Genetic sequencing revealed a protective mutation
After performing whole-exome genetic sequencing on the patients, the team discovered that 62% of the patients with resolving MRSA had a genetic mutation, compared with only 9% of those with persistent infection.
The mutation, which is found in the DNMT3A region of chromosome 2p, appears to help the immune system clear MRSA from the blood by maintaining a healthy level of the anti-inflammatory cytokine IL-10.
This cytokine reduces the body’s immune response to S. aureus infection and researchers have learned that while a certain level of IL-10 regulates this immune response, too much is associated with organ damage and in some cases, death. Among the patients who had the mutation, serum levels of IL-10 were in check.
Next, the researchers tested the finding by blocking the mutation in a mouse model, which showed that the animals were then at an increased susceptibility to MRSA.
The team writes:
Our study identifies a particular DNMT3A mutation that contributes to an increased ability to resolve MRSA infections.
The mechanism for this appears to be increased methylation of gene regulatory regions, and reduced levels of the anti-inflammatory cytokine IL-10.
An improved understanding of the factors predisposing to persistent MRSA bacteremia may help to discover better treatment options."
Clamping down on antibiotic resistance
For decades, antibiotics have been prescribed far too readily by doctors and hospital staff. Bacteria can become resistant to antibiotics when incorrect doses are taken or when the antibiotics are given out unnecessarily and such misuse or overuse has led to the once harmless bacteria developing into highly resistant “superbugs.”

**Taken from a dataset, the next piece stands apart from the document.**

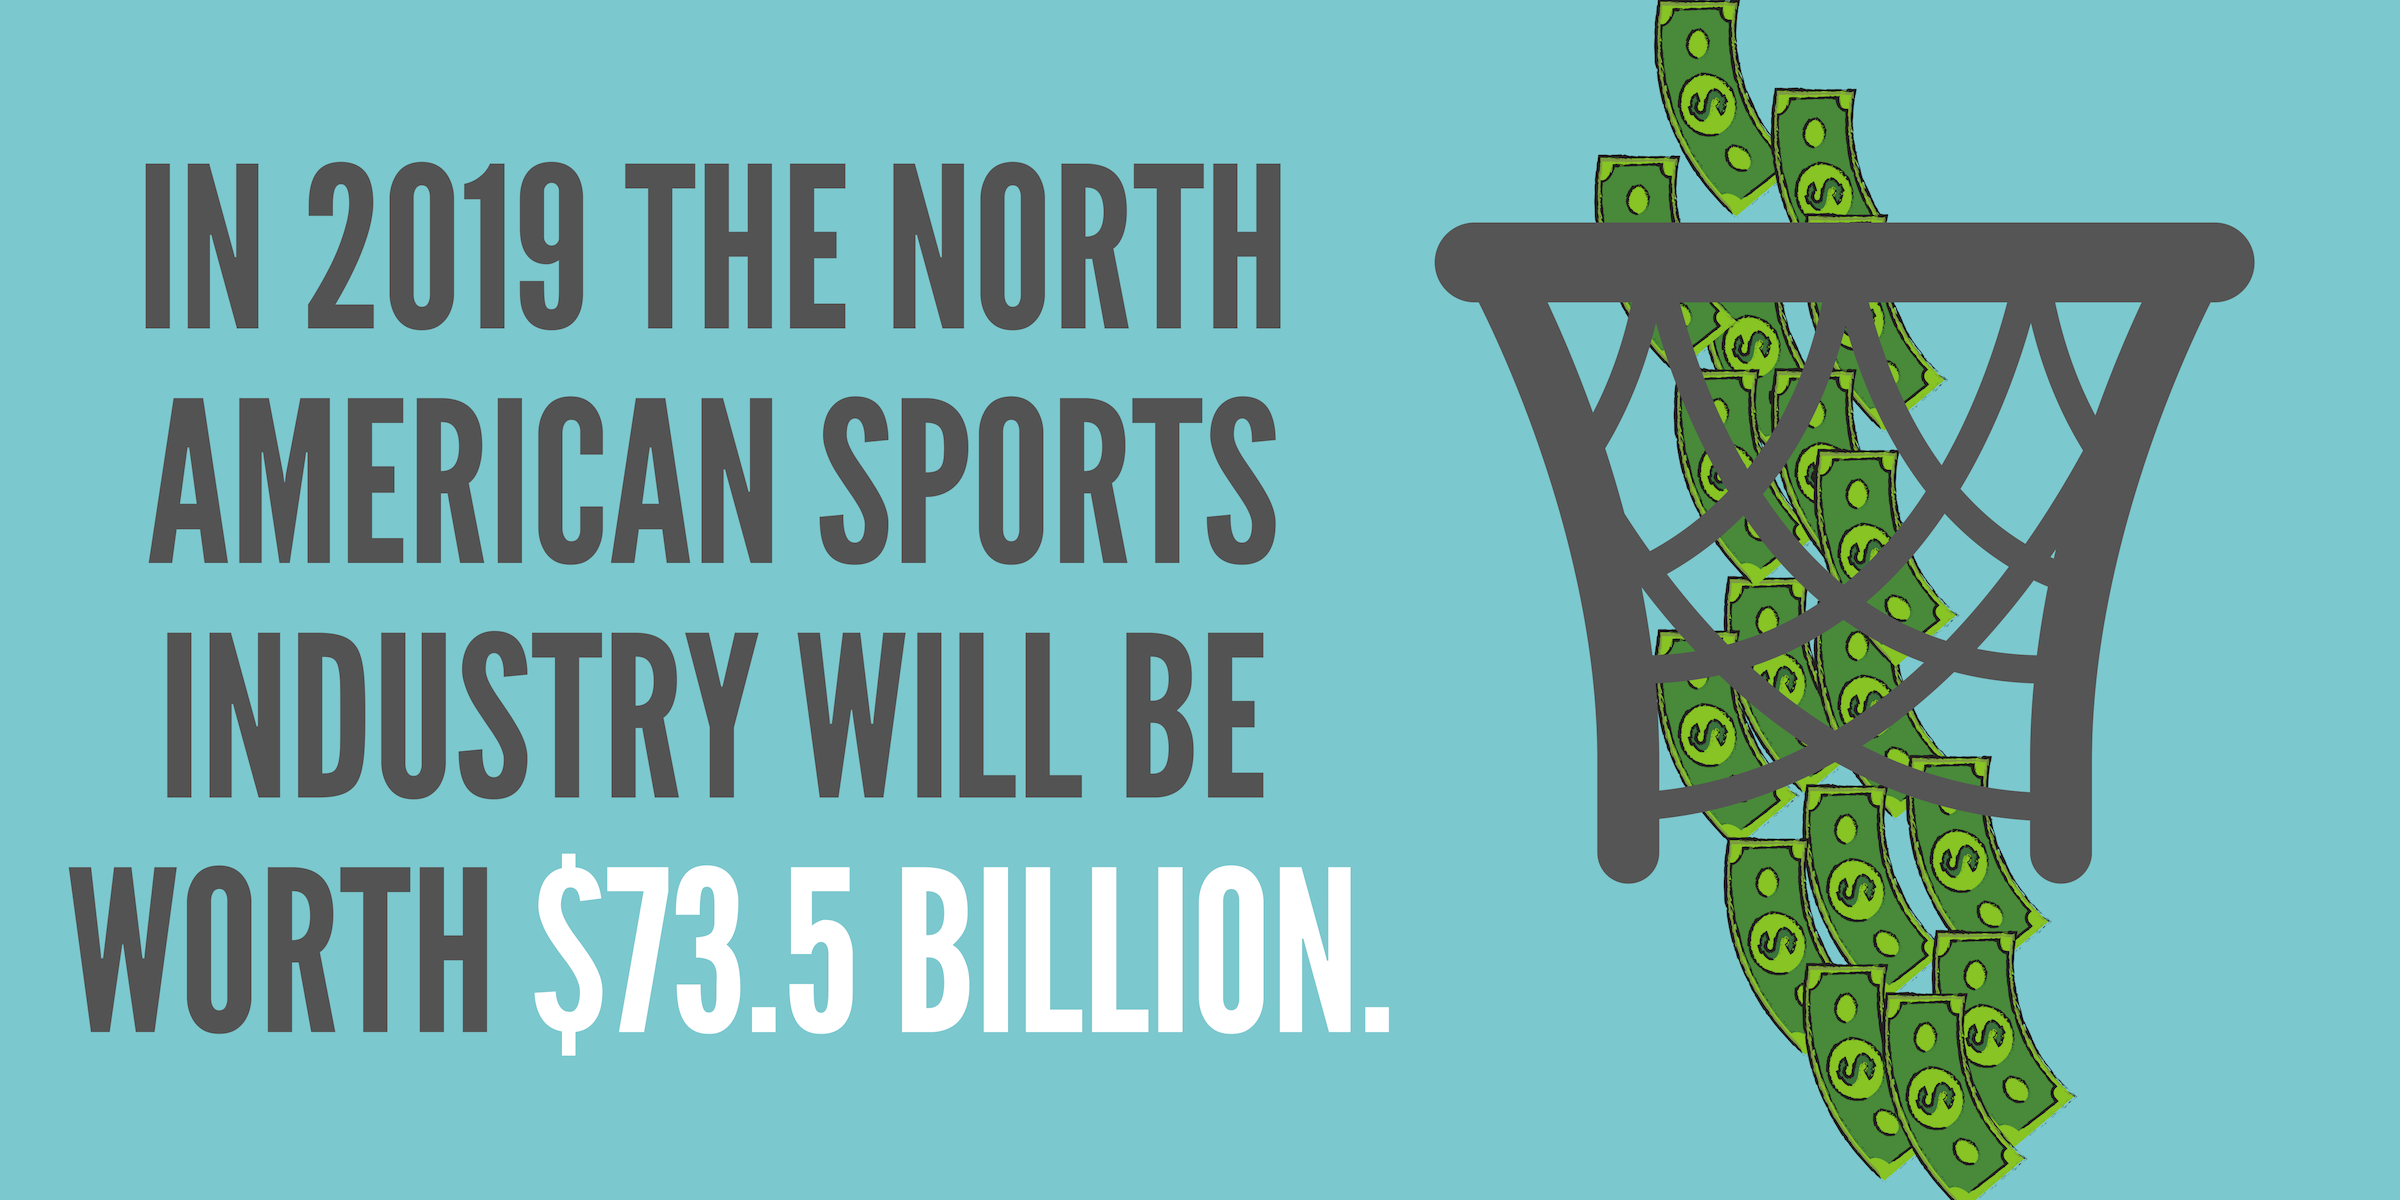 In 2019 the North American Sports Industry will be worth $73.5 Billion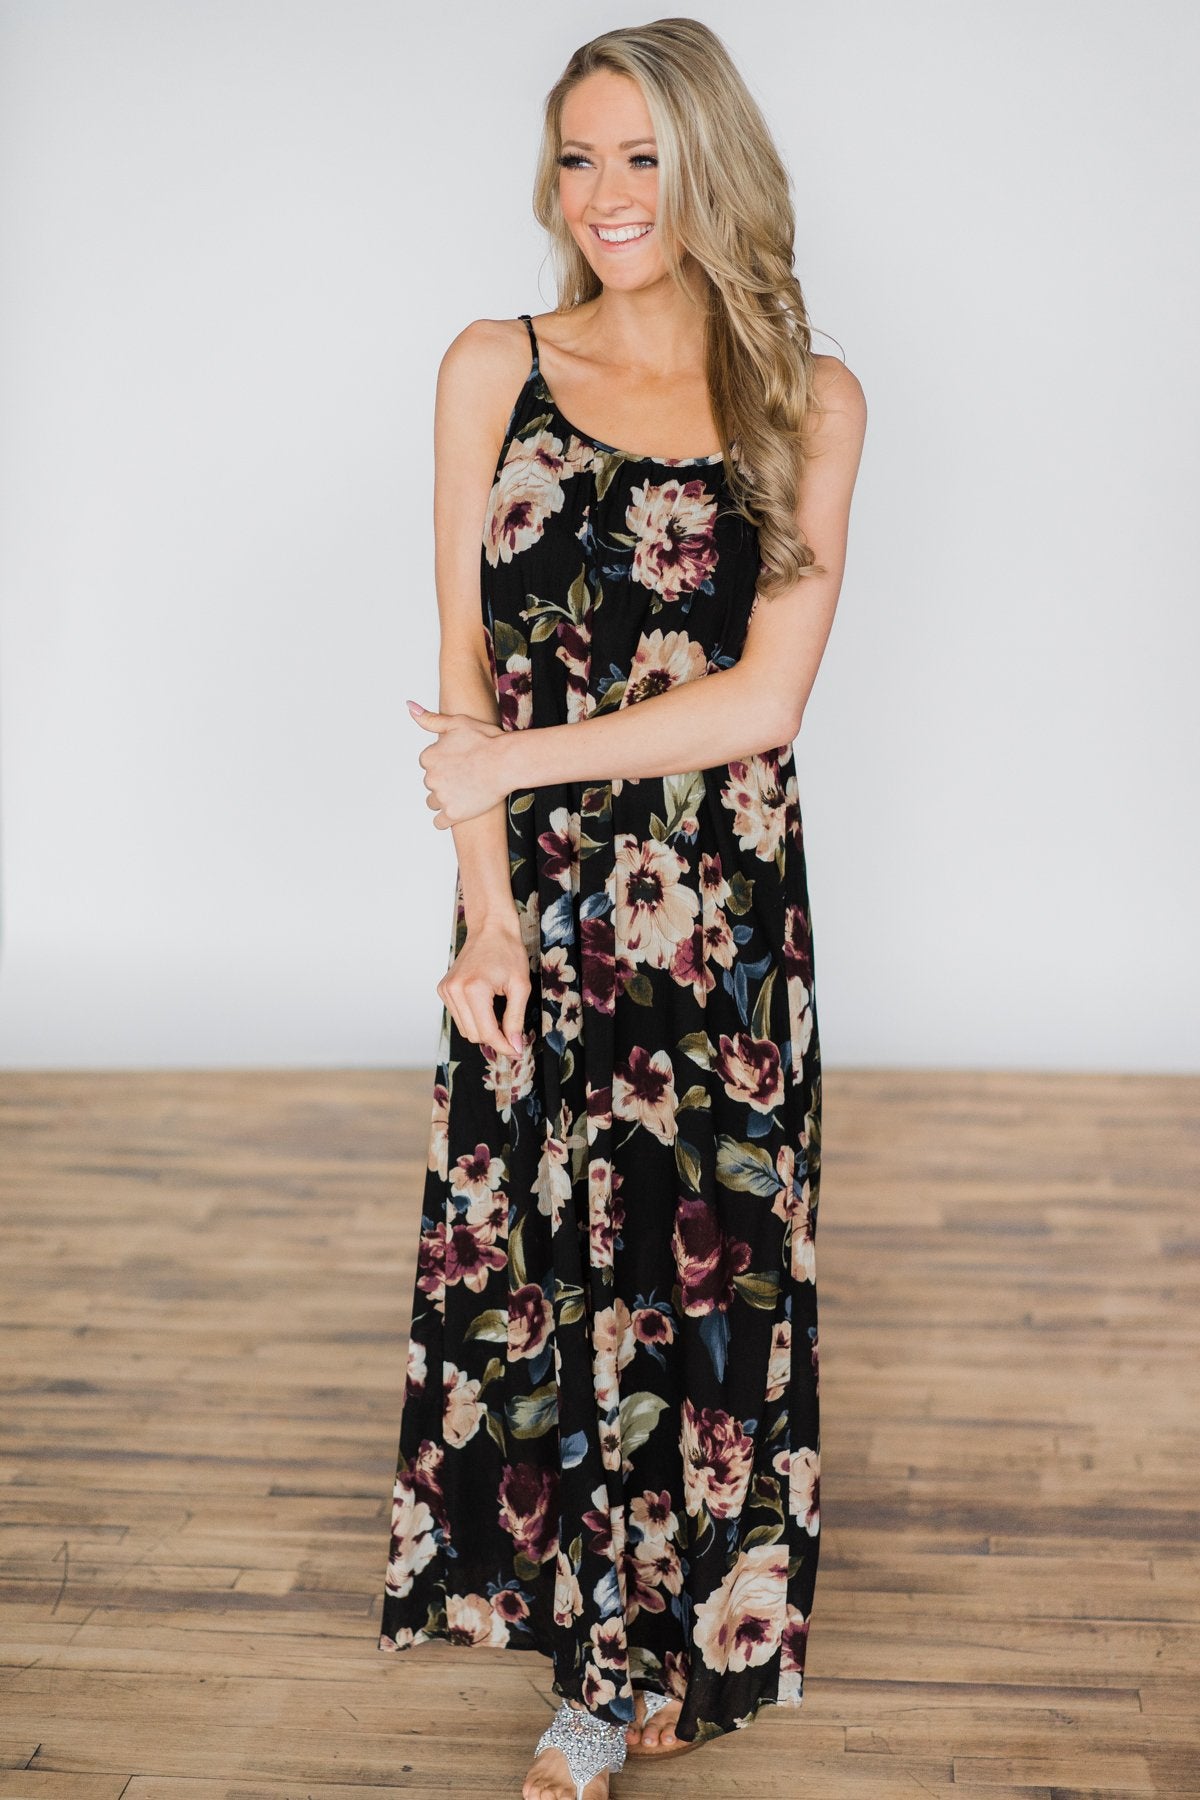 Born to Love You Floral Maxi Dress

The World Health Organization has previously warned that if the overuse is not curbed, the world will be entering an era where antibiotics are no longer effective. Common infections such as chlamydia would become life-threatening, if the resistance crisis is not resolved, warned the organization.
In 2016, chief medical officer Dame Sally Davies announced that the threat of antibiotic resistance is on a par with terrorism.
Approximately 700,000 people worldwide already die each year due to drug-resistant infections such as tuberculosis, HIV and malaria and estimates suggest that by 2050, this figure will reach 10 million people per year.
There has been repeated talk of concerns that the world of medicine will be thrown back into “dark ages” if the resistance crisis eventually renders antibiotics ineffective. As well as existing antibiotics becoming less effective, scientists have only managed to develop one or two new antibiotics over the last three decades.
The WHO has warned that antibiotics are “running out,” since there is a “serious lack” of new drugs in the development pipeline.
Without antibiotics, procedures such as C-sections, hip replacements and cancer treatments would become extremely “risky,” says the WHO.
Medie, M. F., et al. (2019). Genetic variation of DNA methyltransferase-3A contributes to protection against persistent MRSA bacteremia in patients. PNAS. doi.org/10.1073/pnas.1909849116.